1) Government that doesn't confiscate your wealth (more or less) 2) Dollar
bills that don't go to zero 3) Banks that don't steal your money

Take away these and you'll see capital flight all over the place and some of
it will end up in Bitcoin

------
onion2k
Usability. It's hard to use and even harder to use well.

------
eternalcode
Sorry for the ambiguity, I meant Crypto currencies

------
sp527
I think the present culture of indulging in nearly unmitigated crypto-
Utopianism is the more interesting concern. It's becoming difficult to argue
against cryptocurrency in the tech industry without some form of rebuke
enumerating the various potential applications (none of which are in dispute,
generally) and/or incoherently equating cryptocurreny to the internet or other
such developments (in this story, the future will render skeptics little more
than 21st Century Luddites). For an industry so predicated on logic, it's kind
of alarming to hear such blatantly shallow reasoning. The militant
proselytization of cryptocurrencies often verges on absurd. We should be
actively challenging and questioning our beliefs about something that has
attracted so much attention and money.

All that said: cryptocurrencies might succeed. No one can outrightly deny the
possibility. We should stick to arguing as to the likelihood or the extent of
'capture' it might achieve.

The forest for the trees that the more devoted crypto-Utopianists are missing
is that cryptocurrencies, and perhaps the blockchain concept more generally,
are at present an inferior or nearly inferior mechanism on almost all of the
dimensions we should care about: speed, convenience, stability, cost. Put in
short, a commercially-motivated centralized actor, backed and regulated by one
or more government authorities, will always be able to perform as well or
better on most of these dimensions than cryptocurrencies, no matter how many
improvements are made to the system. We usually then end up asking if that
system is problematic or should be challenged. In the first world, there
aren't presently enough people of a subversive mindset to prefer
cryptocurrencies to a centrally-regulated system solely on the basis of
anonymity, complete transaction transparency, and decentralization (the
principal advantages of cryptocurrencies). That could change, but it seems
fairly unlikely. Importantly, I'm not taking a political stance here. I'm
instead trying to account for human behavior.
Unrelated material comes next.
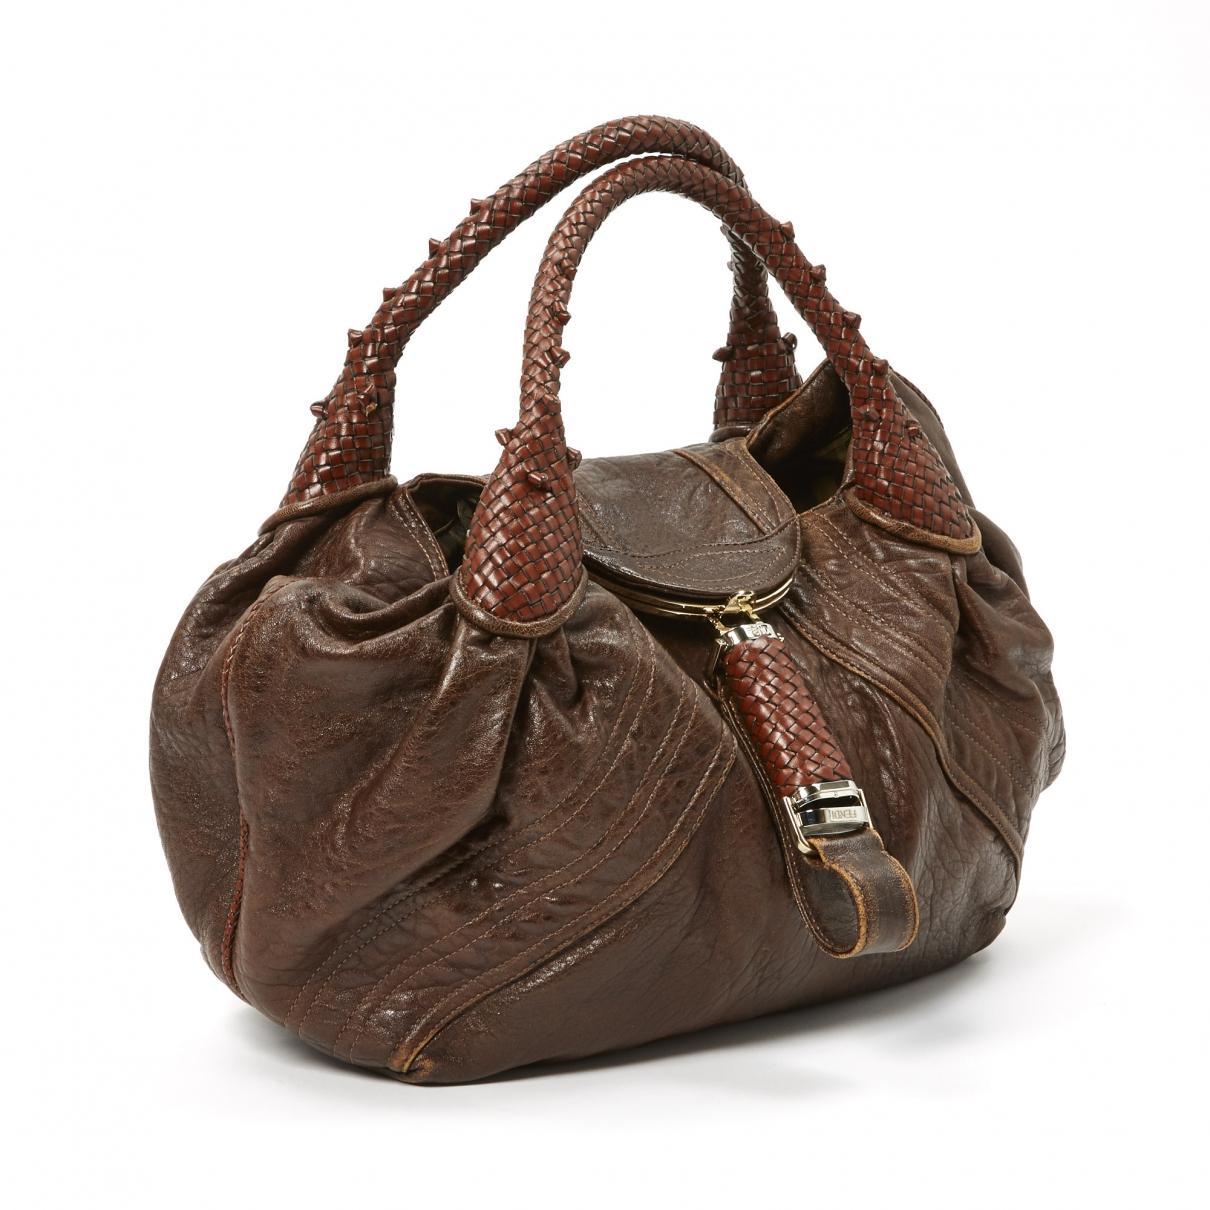 1b8ecfbbb0e2 Fendi Pre-owned Spy Brown Leather Handbags in Brown - Lyst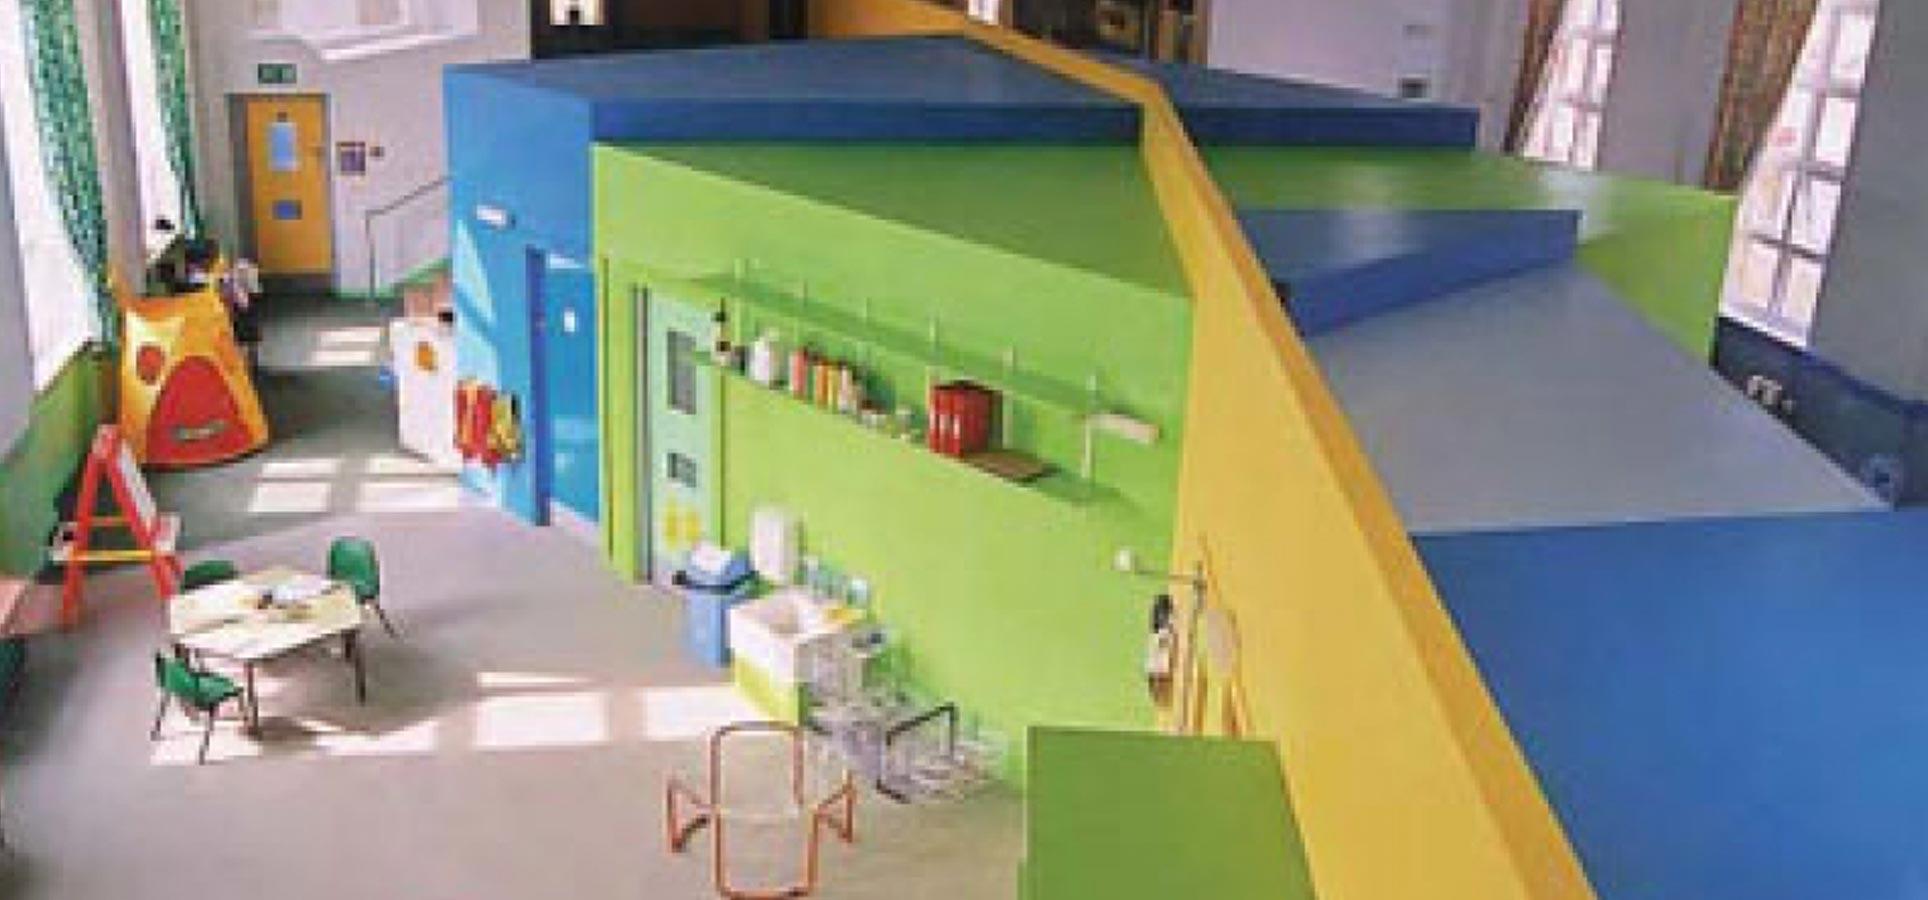 Leapfrog Day Nursery, Jessops Construction Ltd

Cryptocurriencies are nevertheless valid stores of value. People have relied
upon all sorts of things throughout history to store value, because achieving
the designation is as simple as getting some people to trust in a particular
system. But the thing about stores of value is that they inevitably offer
variable degrees of reliability and trustworthiness over sufficiently long
time horizons. It would be foolish to argue, for instance, that the US dollar
will remain the predominant global reserve currency in perpetuity. What we can
argue with a higher degree of certainty is that the US dollar is unlikely to
experience a catastrophic, abrupt decline in its trustworthiness. I would
posit that the same cannot be said for cryptocurrencies and the primary reason
for this is that some substantial proportion of their value is likely baked on
purely speculative behavior (the volatility suggests as much). A secondary
reason is, ironically, that there is no central authority to intervene in the
event of a panic-induced selloff. And the real problem is that there will
always be stores of value that are relatively more trustworthy, according to
the public at large. The average person can see and feel gold. They understand
that it's a store of value and history reaffirms their conviction. They don't
have to comprehend very complicated technical and economic dynamics to believe
in gold. Now you might argue that cryptocurrencies can remain stores of value
without realizing broad adoption and I wouldn't contest that. But the risk
exposure they present, relative to other available stores of value, seems at
the very least problematic.